This sounds like an issue of Alma Linux rather than PVE. Since the hardware doesn't change between runs/resets, it should find it both times.
Do you see similar issues with other distributions or is it just Alma Linux 9?
Have you tried other cloud image versions of Alma Linux? Could be just this one build that has this issue.

jamesharr · Nov 2, 2022

I tested out a few different cloud images.

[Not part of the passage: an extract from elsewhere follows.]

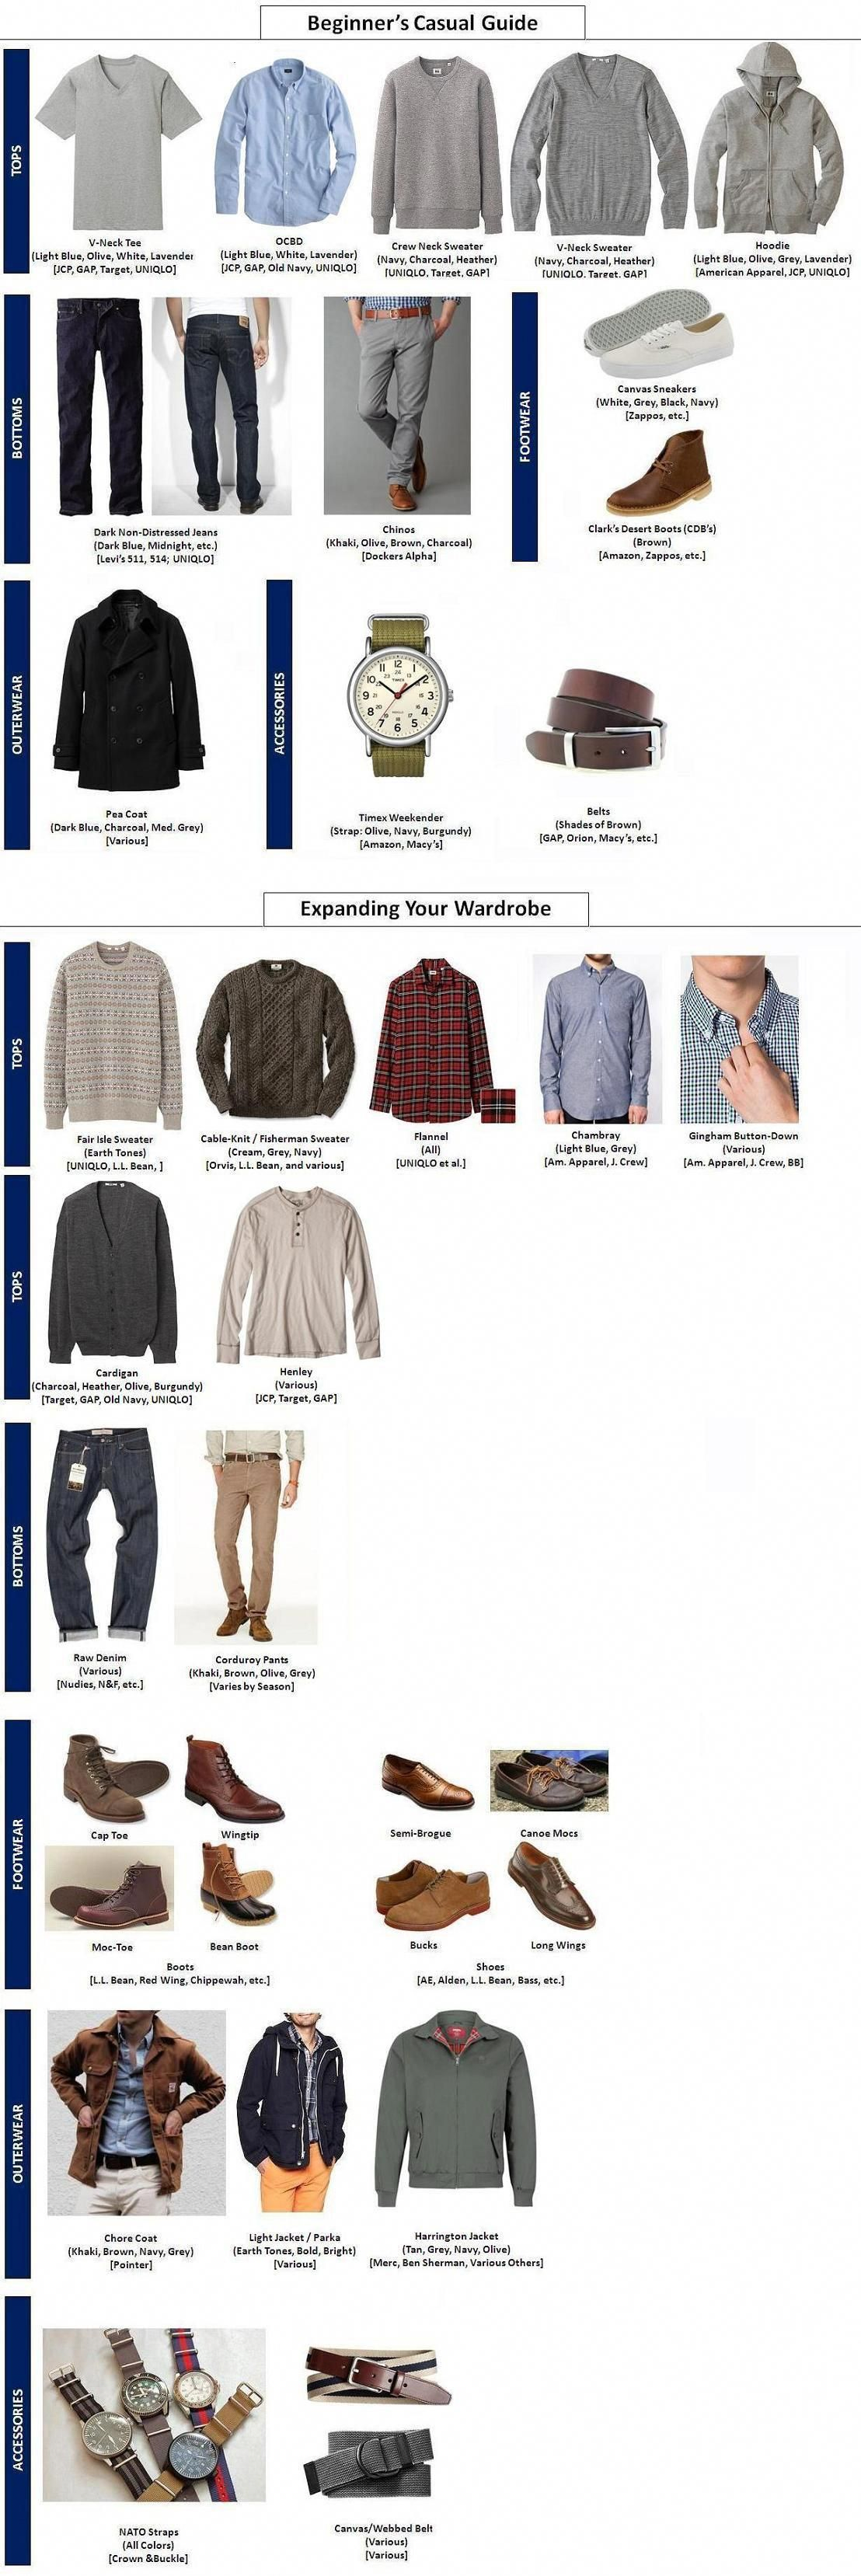 1c708b24bf44  MensFashionCargoPants Male Fashion Advice

What I found intriguing, but also confusing is that

Several distributions exhibited similar behavior, but ever so slightly different
Changing to SeaBios fixed the issue in SOME cases
Increasing the core count made it WORSE in some cases

Images used in tests

Bash:

root@vdev-1:/mnt/pve/ceph-fs/ci-images# ls -lh
total 2.5G
-rw-r--r-- 1 root root 528M Oct 25 15:23 AlmaLinux-8-GenericCloud-latest.x86_64.qcow2
-rw-r--r-- 1 root root 441M Oct 25 18:33 AlmaLinux-9-GenericCloud-latest.x86_64.qcow2
-rw-r--r-- 1 root root 243M Oct 20 19:07 debian-11-genericcloud-amd64.qcow2
-rw-r--r-- 1 root root 635M Nov  2 13:47 jammy-server-cloudimg-amd64.img
-rw-r--r-- 1 root root 678M Nov  2 15:31 kinetic-server-cloudimg-amd64.img

root@vdev-1:/mnt/pve/ceph-fs/ci-images# sha256sum *
e4b215dc807200db3a8934bdd785026c3776d3798e36f830897861074f29fc54  AlmaLinux-8-GenericCloud-latest.x86_64.qcow2
ae715819d7fc280633d3364c53cab05f52970b843afc530e6ce122d1b36b40dc  AlmaLinux-9-GenericCloud-latest.x86_64.qcow2
087508073f0e08ee1fd3d50ad3c3e90e0a3191245c2ed15869ec6664af1d9a14  debian-11-genericcloud-amd64.qcow2
2f35b57775ab2e28f50fa09a18d6ccc10ece5e72c30242a73291b9a0eec1f592  jammy-server-cloudimg-amd64.img
8dc6cbae004d61dcd6098a93eeddebc3ddc7221df6688d1cbbbf0d86909aecf4  kinetic-server-cloudimg-amd64.img

Deployment script

Bash:

# Reset environment
pvesh create /nodes/vdev-1/qemu/1199/status/stop
pvesh delete /nodes/vdev-1/qemu/1199

# Create, start test VM
pvesh create /nodes/vdev-1/qemu \
    --name=cloudinit-test \
    --vmid=1199 \
    --agent=1 \
    --boot=c \
    --bootdisk=scsi0 \
    --scsihw=virtio-scsi-pci \
    --bios=seabios \
    --onboot=1 \
    --serial0=socket \
    --net0=virtio,bridge=vmbr302,firewall=1 \
    --ostype=l26 \
    --citype=nocloud \
    --ciuser=root \
    --cipassword=TestPassword \
    --cpu=host \
    --memory=2048 \
    --cores=1 \
    --efidisk0=local-nvme2-blk:0,efitype=4m,pre-enrolled-keys=1 \
    --scsi0=local-nvme2-blk:0,discard=on,size=100G,import-from=/mnt/pve/ceph-fs/ci-images/$IMAGE \
    --ide2=local-nvme2-blk:cloudinit \
    --ipconfig0=ip=10.39.1.99/21,gw=10.39.0.1 \
    --output-format=json-pretty
pvesh create /nodes/vdev-1/qemu/1199/status/start

Alma Variants
Testing was done by interrupting the Grub process and adding `init=/bin/bash`, then running `lsblk -f` and observing the output.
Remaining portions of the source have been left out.